Some key figures of the organisation include UK based Paramjit Singh based in Birmingham, Baljeet Singh Gill based in London, Sarabjit Singh residing in London, and Sarabjit Singh Banur based in London as well as US based Kulwant Singh, France based Parshotam Singh Pamma and Spain based Jaswinder Singh. Other figures such as Jagtar Singh Tara had been previously charged with the killing of the then Punjab chief minister in 1995, it was in 2015 that he was arrested in Thailand. One thing very prominent in tracing the cases of these individuals is the transnational character of their activities.

Arshdeep Singh Gill, who has been recently designated as a ‘terrorist’ by the Indian government, has been basing his operations in Canada. He has been actively involved in cases related to targeted killings, terror financing, extortion in Punjab as well as cross-border smuggling of drugs and weapons. Extortion and smuggling of arms and ammunition across the border have been the primary activities contributing to the financing of operations of the KTF over time.

It has also been reported that the KTF militants have links with Germany and Thailand. Jagtar Singh Tara, who himself had set up a base in Thailand had revealed in his interrogations that he had ordered a glider from Germany in order to carry out airstrikes in Punjab’s Pathankot in alliance with Pakistan’s prominent terrorist organisation Lashkar-e-Taiba. This is the cue to also bring in the angle of cooperation with terrorist outfits in Pakistan and even Pakistan’s intelligence agency, Inter-Services Intelligence (ISI). Claims have been made that the ISI has been seeking to form a collaboration with the militants in Punjab by providing them with necessary arms and ammunition in order to keep alive the separatist agenda in India’s Punjab. It was also earlier this year that the Indian Ministry of Home Affairs declared Harwinder Singh Sandhu as a ‘terrorist’. It is to be noted that Harwinder Singh Sandhu has been the mastermind and prime actor in the 2021 attack on the headquarters of Punjab Police in Mohali and since then he had been setting up camp in Pakistan under fake passports. Reports suggest that he had conspired together with the pro-Khalistan militant outfits back in Pakistan and was hence provided a security cover with them.

The entry of the Khalistan Tiger Force into the 1st schedule of the Unlawful Activities (Prevention) Act has brought the total number of terrorist organisations up to 44. Out of these around five militant organisations are explicitly related to the issue of Khalistan.

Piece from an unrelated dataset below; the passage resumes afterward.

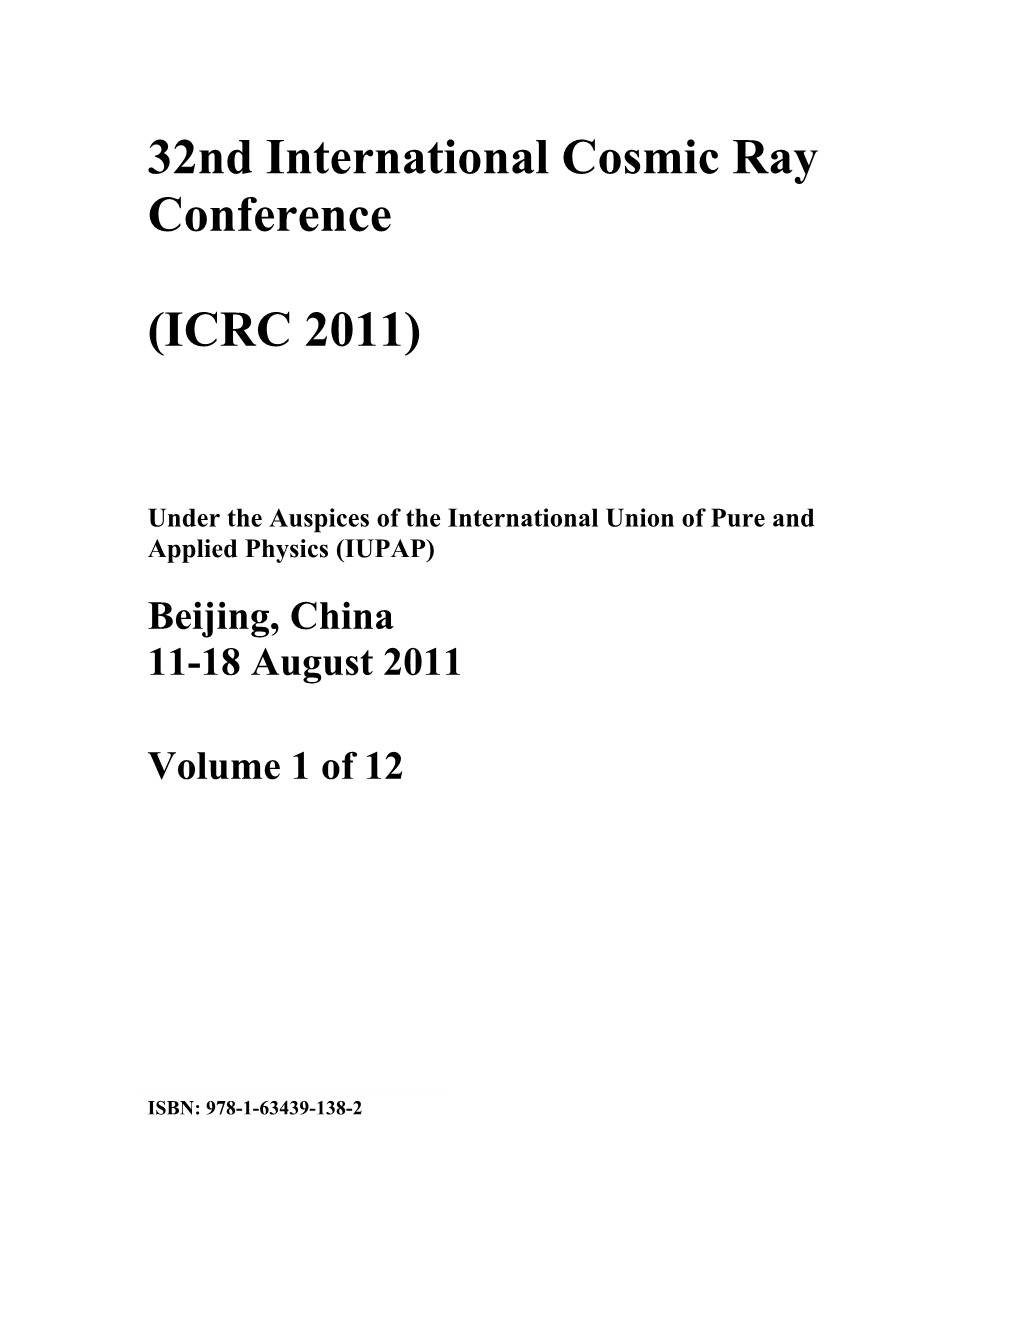 32Nd International Cosmic Ray Conference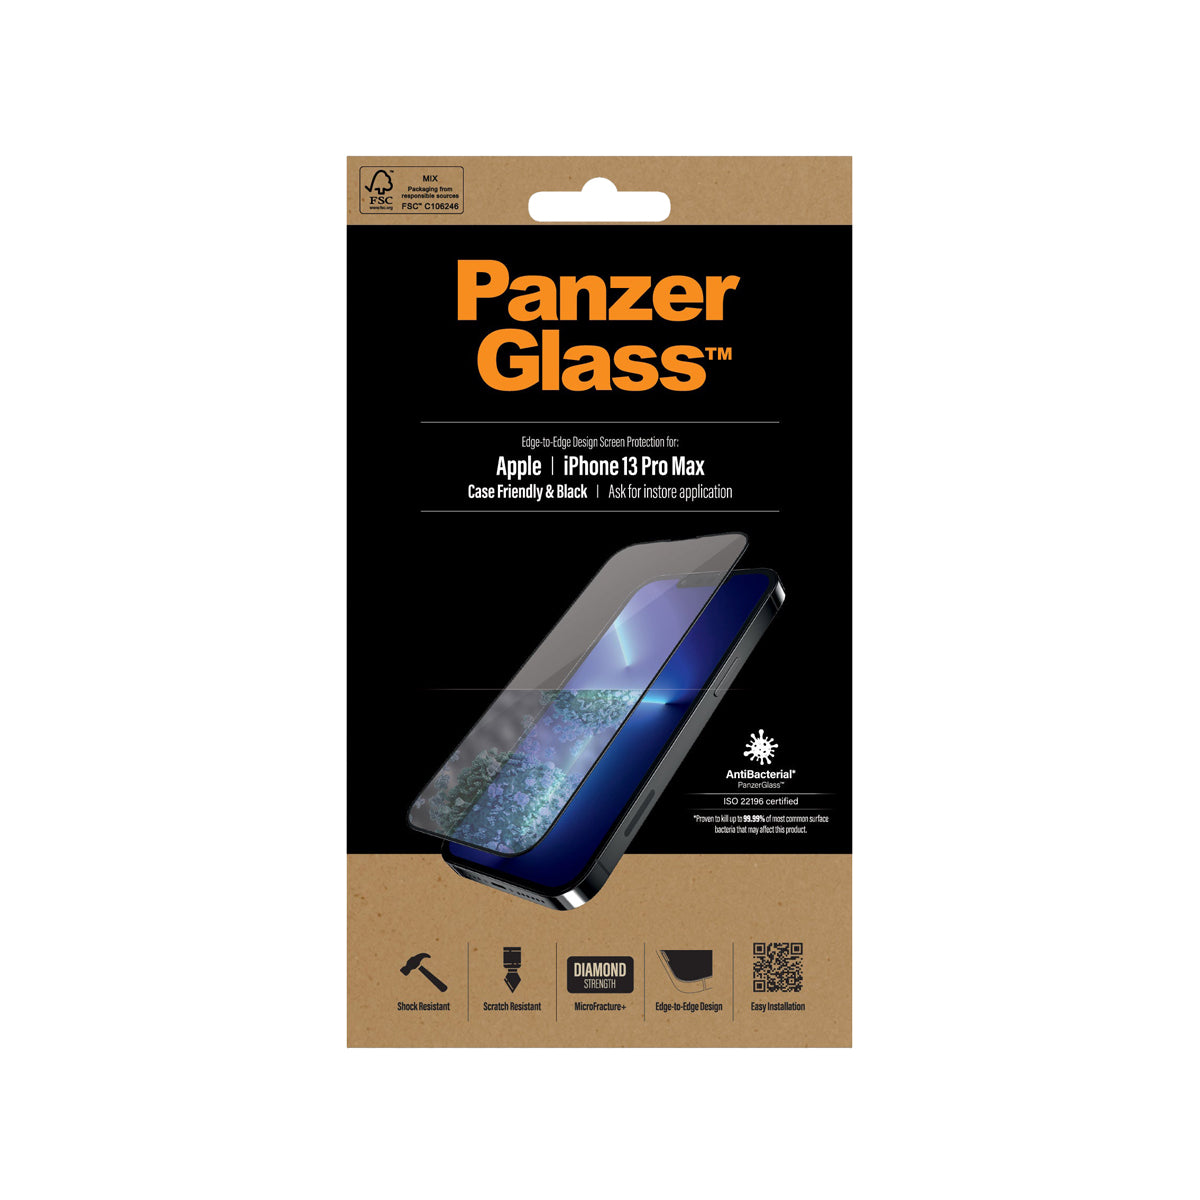 PanzerGlass CaseFriendly Black Phone Screen Protector for iPhone 13 Pro Max - Clear.

The KTF, just like the other such groups- Babbar Khalsa International, Khalistan Zindabad Force or International Sikh Youth Federation has been actively involved in spewing venom against the next generation of Sikh youth, both in India and in the international diaspora. The evidence and reports suggest their transnational links which further adds to the risk factor posed by these outfits. However, the proactive measures in declaring the organisation as a ‘terrorist organisation’ as well as individually targeting the members who have been involved in militant activities over the years and labelling them as official terrorists, does serve to crackdown on these organisations efficiently in order to protect the integrity and national security of the Indian state.